# Vaping Martyr



## Schnappie (22/8/16)

Good Morning

I am just curious if I am the only one or not but vaping sort of had the reverse effect on me. I was never really a smoker but I would smoke one or 2 menthol cigarettes a week just for the taste.

One night at a show at barnyard theatre one of my mates was vaping Suckerpunch and I was curious about the twisp ads so he let me try suckerpunch on his Ijust2 and I was instantly hooked and the rest was history.....

I only vaped 0mg as I was not a smoker, simply a flavour chaser but many mods and tanks later winter came, and I thought a nice tobacco vape with some nicotine (1.5 mg) would be bliss in the cold. Now I put nicotine in almost all my flavours and would even consider 3mg as a lot of shops flavours are not in 0mg.

So I gues this kinds of defeat the purpose of vaping, but I enjoy it and never felt better. I also introduced 3 smokers in my office to vaping, and 3 of my friends/ family and all 6 of them was heavy smokers so I am happy about that.

Really wondering if I am the only one who took on vaping in reverse?

Reactions: Like 2


----------



## Silver (22/8/16)

Hi @Schnappie 
Thanks for sharing

I think you are one of the few that went in reverse

Several studies / surveys I have seen in the past suggest that most vapers were smokers before they started vaping. The direction you took seems to be one of the arguments the anti-vaping movements are using against vaping.

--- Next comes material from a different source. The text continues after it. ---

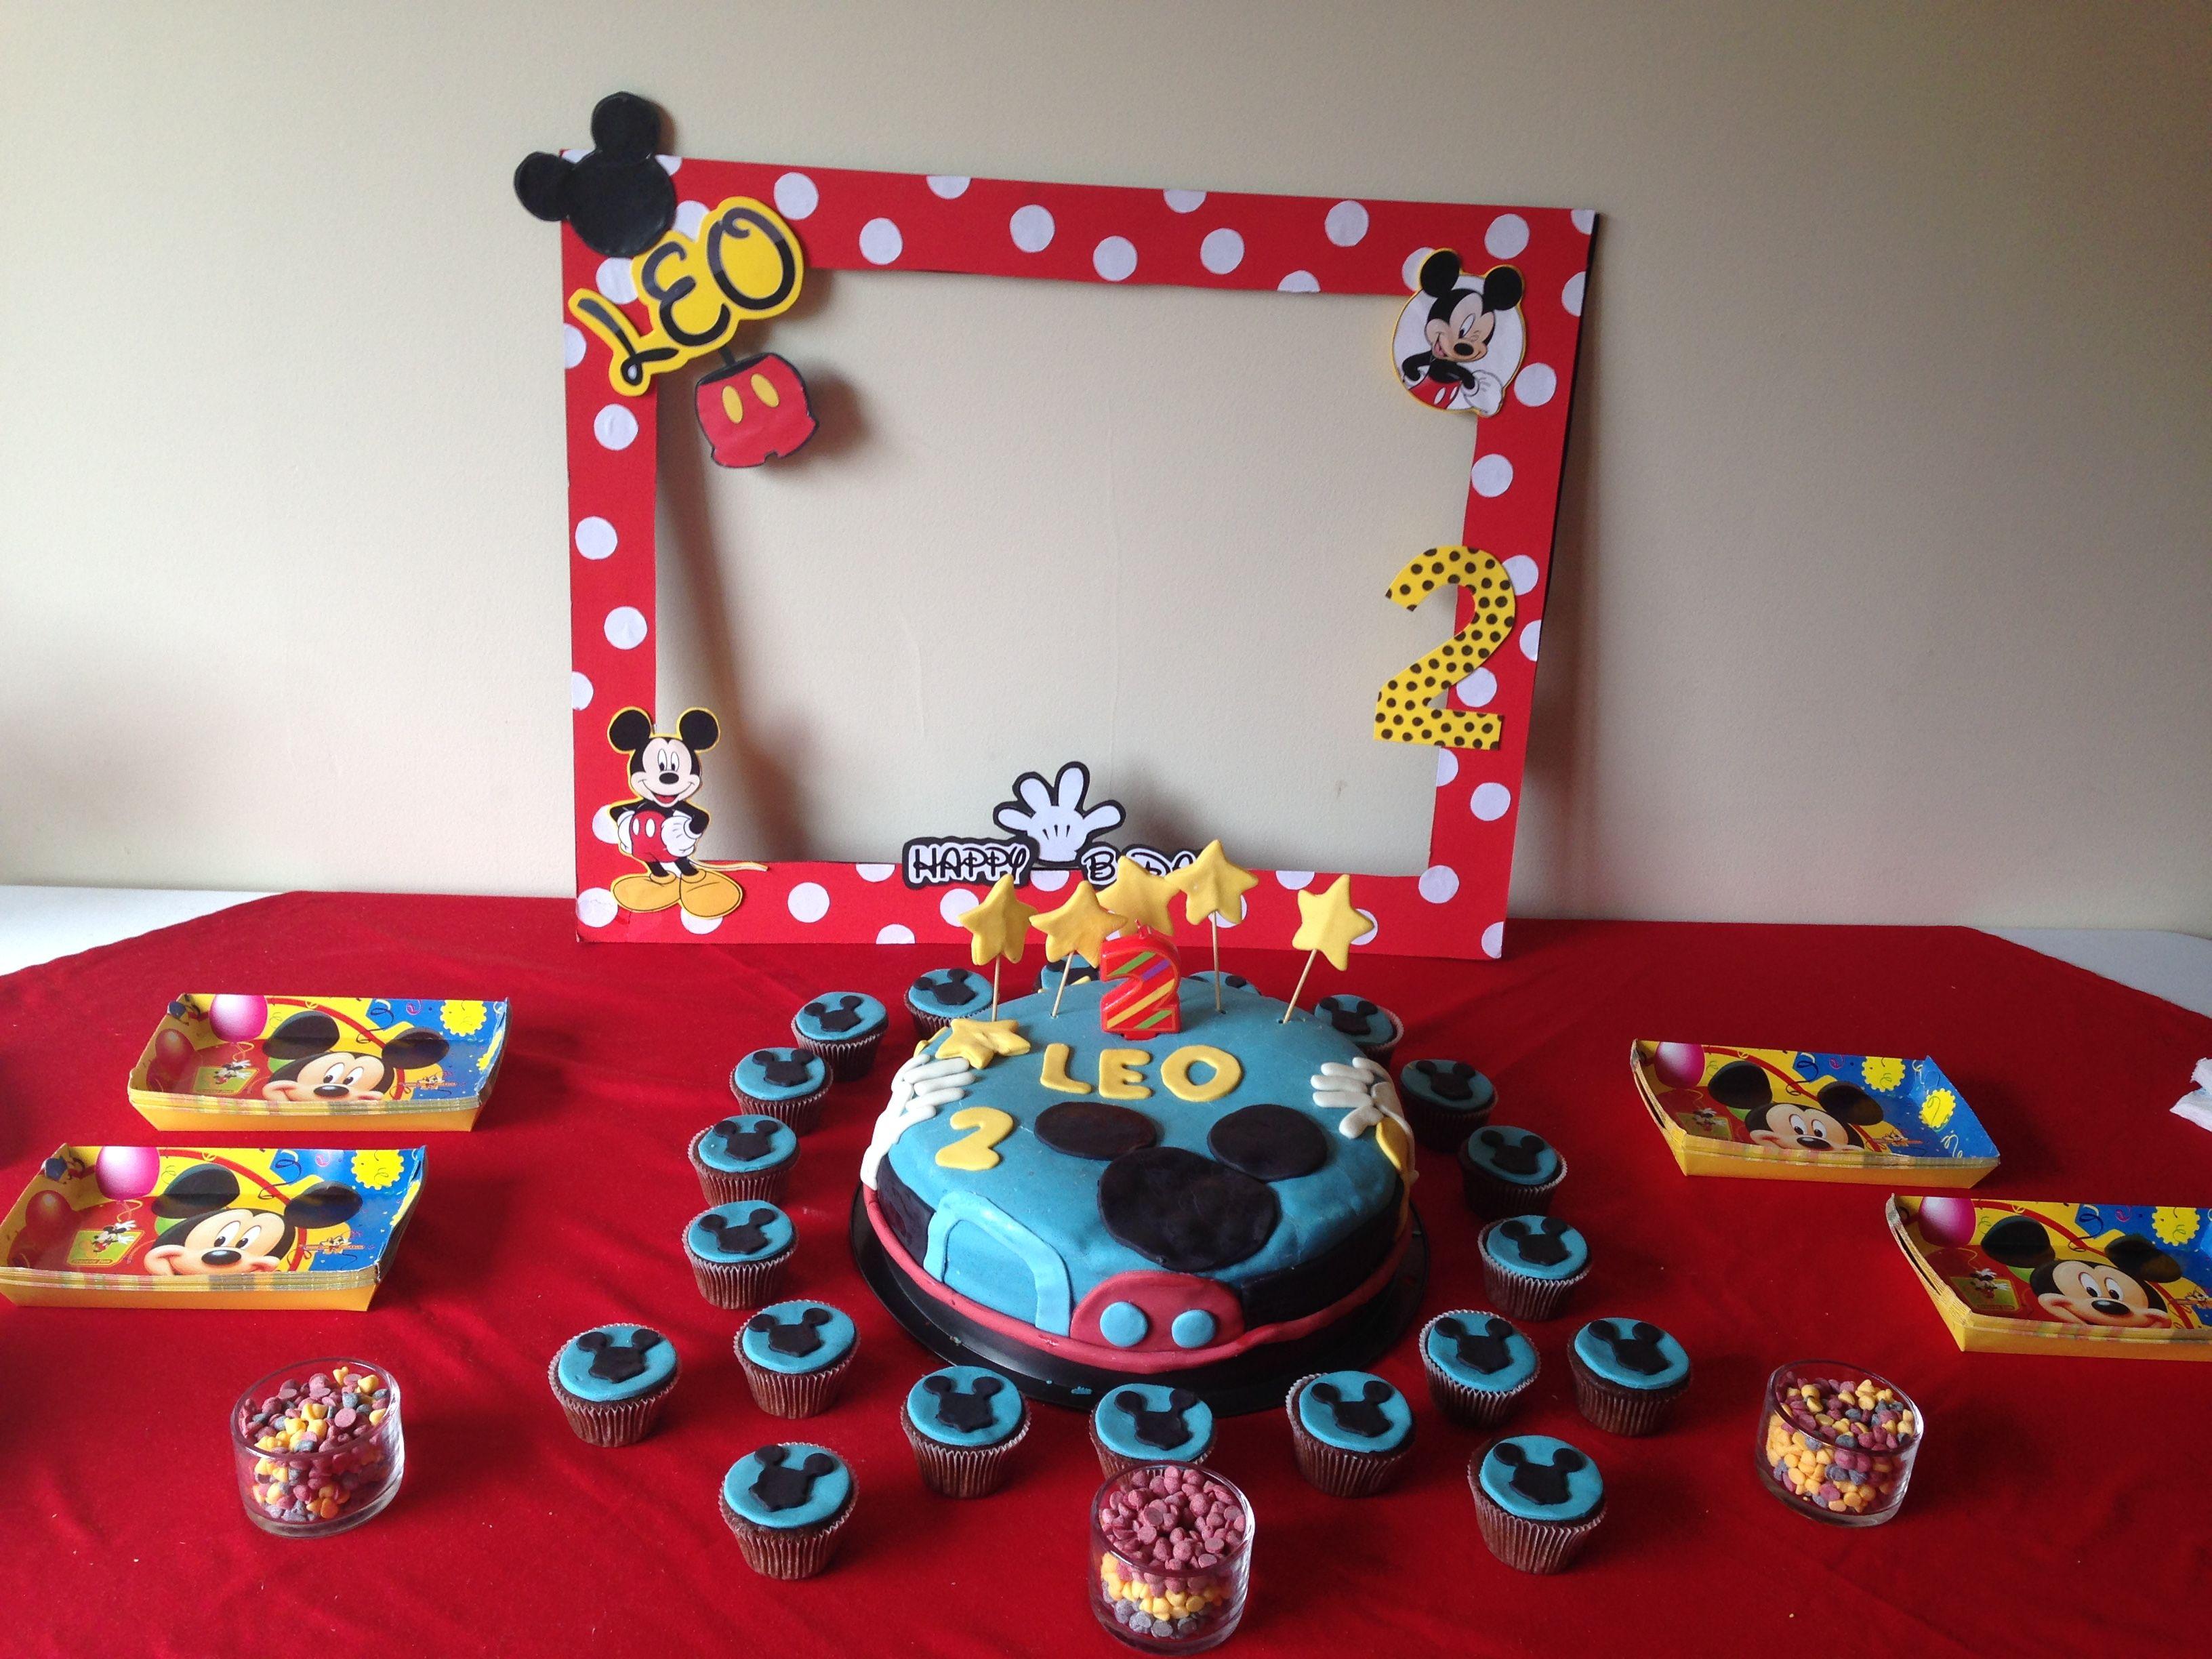 mesa de pastel con tema de mickey mouse cupcakes de fondant recipientes con

Reactions: Like 1 | Agree 1


----------



## Neuk (22/8/16)

I have a similar story to tell, although I used to smoke hubbly on weekends a few years back but have never been a cigarette smoker. My first few liquids were all 0mg but I now buy 3mg liquids, more for the taste than the nicotine though.

Reactions: Can relate 1


----------



## therazia (22/8/16)

Weirdly enough I'm also a hubbly smoker but enjoy vaping a lot more. The 3mg just adds that punch my throat needs to compare to a proper hubbly.

Reactions: Like 1


----------



## Jan (22/8/16)

Delete the thread. This is just the info that the anti vaping advocates are looking for

Reactions: Funny 1


----------



## RichJB (22/8/16)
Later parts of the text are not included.